Wednesday, March 17, 2010

I used to have Strength shoes in high school

Here's their site: http://www.strength-shoes.com/

I used to play basketball and run track between '89-'93. Since running and jumping are pretty important to both of those sports, I wanted to get some advantage in that area.

A bit of a background on me: In high school, I was known for two major sport-type things ... 1) I had leg muscles like steel springs incased in bricks, and 2) I had a remarkable vertical leap for my height and melatonin, and in fact I could frequently and repetitively go from a standing flat stance underneath a basketball rim, jump straight up & grab said rim two-handed in a 180 position (i.e. behind my back). My major obstacle was that I played two years of elementary school b-ball and was fairly tall for that population, so I was trained as a center; when I went to high school, I was by far not the tallest player on the court, so I was moved out to forward and had a hard time adapting my game. I played fantastic ball, if I were to have been 6'8" to 6'10", but 6' even was not a center born.

Alright, anyway ... Strength shoes. I worked out almost constantly to get my vertical leap more dynamic. Not only did it and would it help in the realm of basketball, but also it would help me develop an explosiveness to my speed for running the sprinting events for track. So from out the back few pages of Sports Illustrated, I ordered these things called Strength shoes. If you've checked the link above, you already know this, but Strength shoes maximize the focus of energy into the calf muscles; this is done by a hilariously obnoxious platform attached to the front half of the shoe. This platform is remarkably well-proportioned to the shoe itself, and just walking around for an hour in Strength shoes is like walking around on your tiptoes for that hour. Your calves get tight, solid, and thick.

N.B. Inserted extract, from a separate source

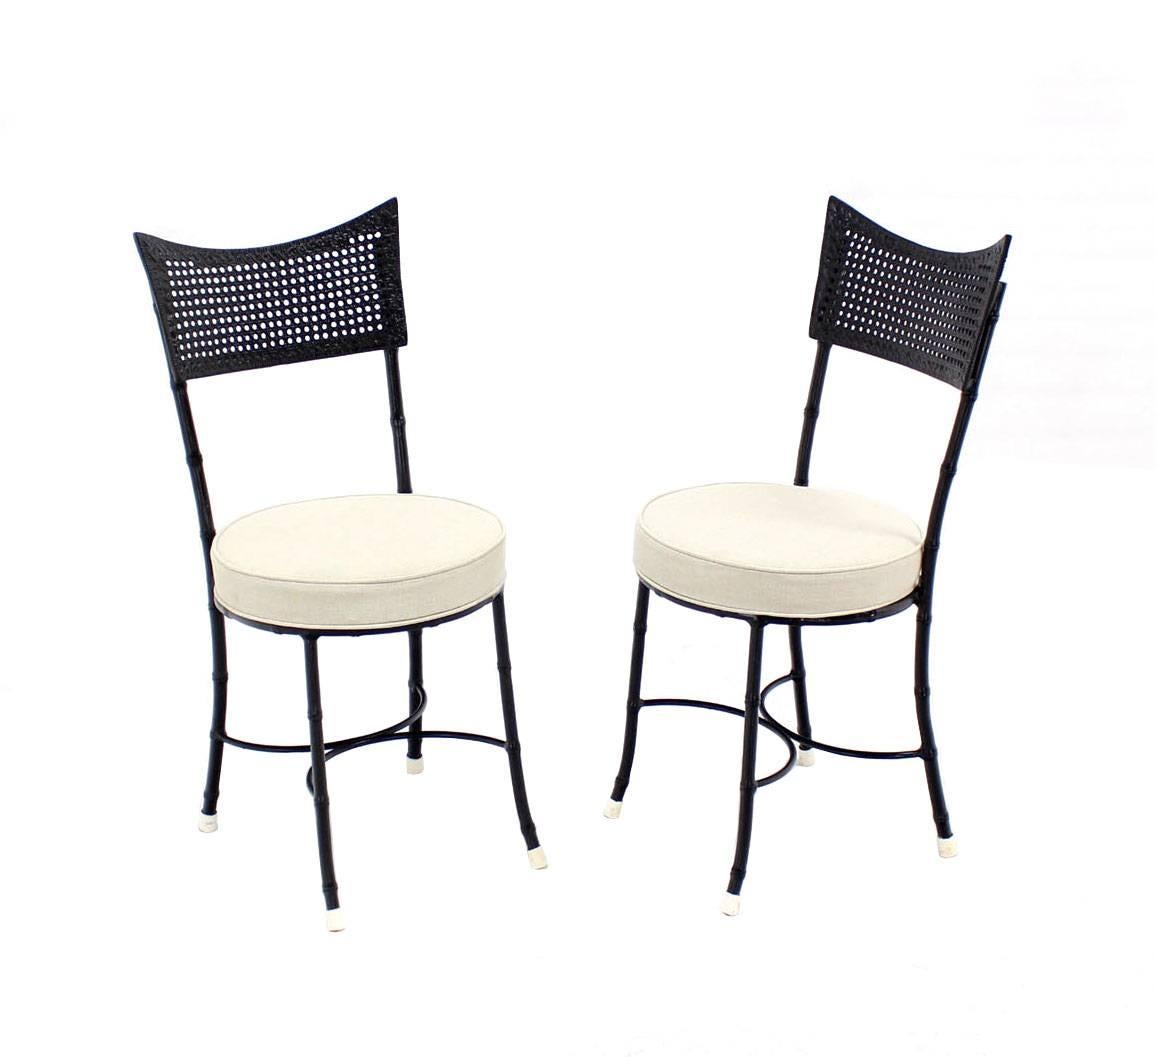 Four Cast Aluminum Faux Bamboo and Cane Round Seat Chairs 3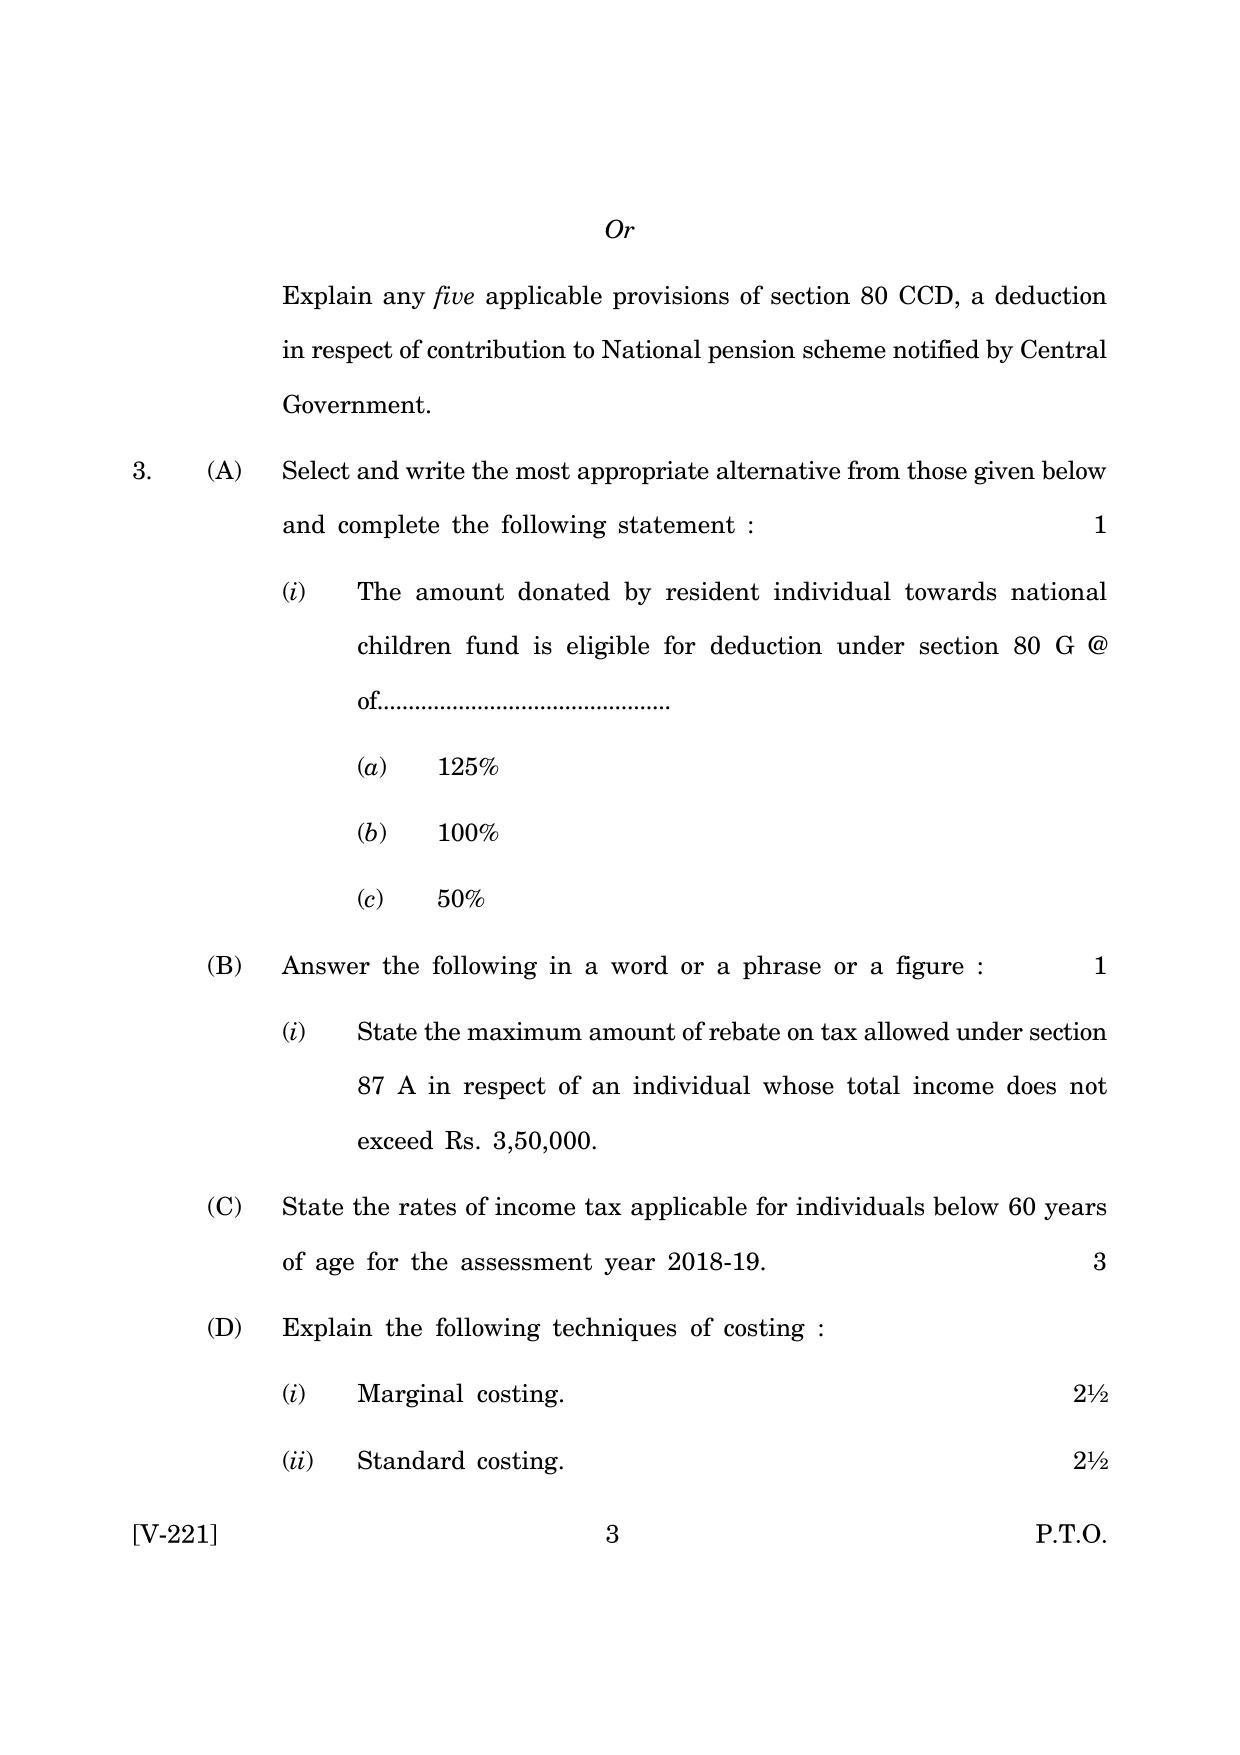 Goa Board Class 12 Cost Accounting & Taxation  2019 (March 2019) Question Paper - Page 3

I was one to wear ankle weights during the day to bump up my leg strength. Do a quarter jump exercise - jump up for 10 reps and tap the backboard, lather rinse repeat - with ankle weights on, then take those off to play a quick pick-up game, and you'll soar. So my thoughts were, do my regular track/b-ball exercises in the Strength shoes, and my calves will get so strong they'll rip through my skin. Q: What could possibly go wrong? Right?

A: Shin splints; hairline fractures that run through the length of the bone. To the tune of five or six per leg. I had to take about two weeks off from any sports, and there was a point where I was advised by a doctor that I might even consider not walking for those same two weeks, since a hairline fracture could end up - with the right circumstances, of course, said Dr. Scare Tactic that was in charge of my physical therapy at this time - shattering my shins.

So I quit those things with a quickness. Healed up pretty well, and actually shortly thereafter I could play above the rim with some of the best of my peers, up to my senior year in high school when I could overcome earth's gravity with almost minimal effort. Of course, the other part of this equation was my body weight, which hovered around 165-170 lbs for the sake of track. When I went to college, I added and extra 10-15 lbs and never looked back, baby! Which was a shame, because I learned too late in my high school track career that I was an accomplished distance runner, where I would run about a mile minus the last 50 yards or so, then full-out sprint to the finish; this strategy helped me finish the last third of my races no less than third, with times that would have put me at least in regionals ... if I had found this out before the regional time submission deadlines. My coach tried to fudge the time frame, but it didn't work. I could have walked on track for college, but my decision to waste four semesters in a pre-med degree that went nowhere stopped that.

No moral to this story. Mostly just reminiscing about high school at the age of 35, while I sit in the local library looking for jobs that can accommodate my unemployed ass. Shit, and it's almost lunchtime too.

1 comment:

Unknown said...

I have the strength shoes and I wanted to ask this question. If I were to walk around school with them, will it be beneficial to the jumping process?